In any event, the numbers are set to be released, and those styling the data closely project their results to be a net win for Republicans.
“Strategists in both parties agree Republicans have the advantage. The Midwest and Rust Belt aren’t growing as fast as the Sun Belt, and the congressional districts will be reallocated accordingly,” noted Politico’s Ally Mutnick.
“States like Florida, Texas, Arizona and North Carolina will see their delegations grow, while Michigan, Pennsylvania and Illinois shrink. That’s a net benefit to the GOP because Democrats have struggled to increase their statewide footprint in many of the places that are gaining representation.”
Politico noted that California, the country’s most populous state, has failed to gain a House seat since the 2000 Census. The state might be poised to actually lose one seat this coming year.
“California is more likely than not losing a district, a product of its slowed population growth in recent years,” Mutnick speculated.
“The state failed to gain a seat for the first time after the 2010 census, when it held steady at 53 seats. Now it’s probably dipping to 52.”
The Politico reporter made a similar projection for New York, which might be in a face-off with Alabama in the coming realignment.

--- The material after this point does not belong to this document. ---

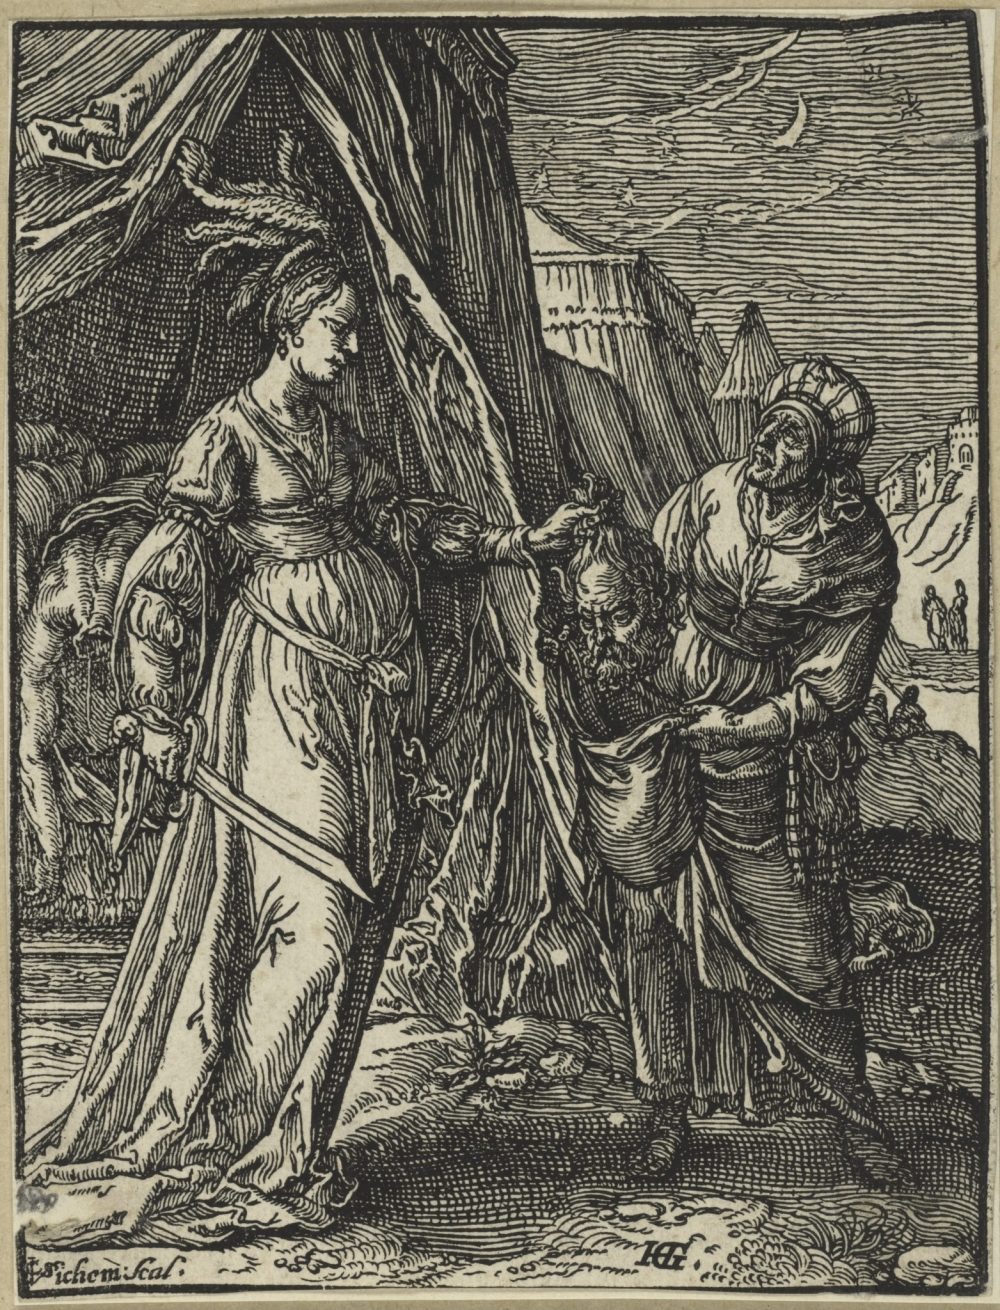 Image Credit: Christoffel van Sichem II (Dutch, 1546 - 1624), Judith with the Head of Holofernes (n.d.) after Hendrik Goltzius (Dutch, 1558 - 1617) woodcut on laid paper sheet: 13.5 x 10.3 cm. Gift of Dr J. Orde Poyton, 1959

“New York is almost certainly losing one seat, but if it edges out Alabama for the final allocated district, it could avoid losing a second. If Alabama gets it, its delegation will hold steady at seven seats,” Mutnick reported.
“If Alabama is the loser, the state’s Republican delegation will shrink because the only Democratic district, held by Rep. Terri Sewell, is protected by the Voting Rights Act. Because GOP Rep. Mo Brooks has already announced he will vacate his northern Alabama seat for a Senate run, the GOP legislature in Montgomery could protect every remaining incumbent.”
The Politico reporter noted that Illinois is expected to shed one, as is Minnesota. Texas and Florida, GOP-majority states which have become destinations for migration, could see their delegations “swell.”
Montana, which currently holds a single House seat, could also gain a second seat at the expense of one of Rhode Island’s two seats.
While red states which gained people might have control of the redistricting process, blue-state Republicans will also be in for fights to hold their seats. As Politico noted, the year is likely to be “chaotic,” but Republicans are in a more favorable position right now than Democrats heading into 2022.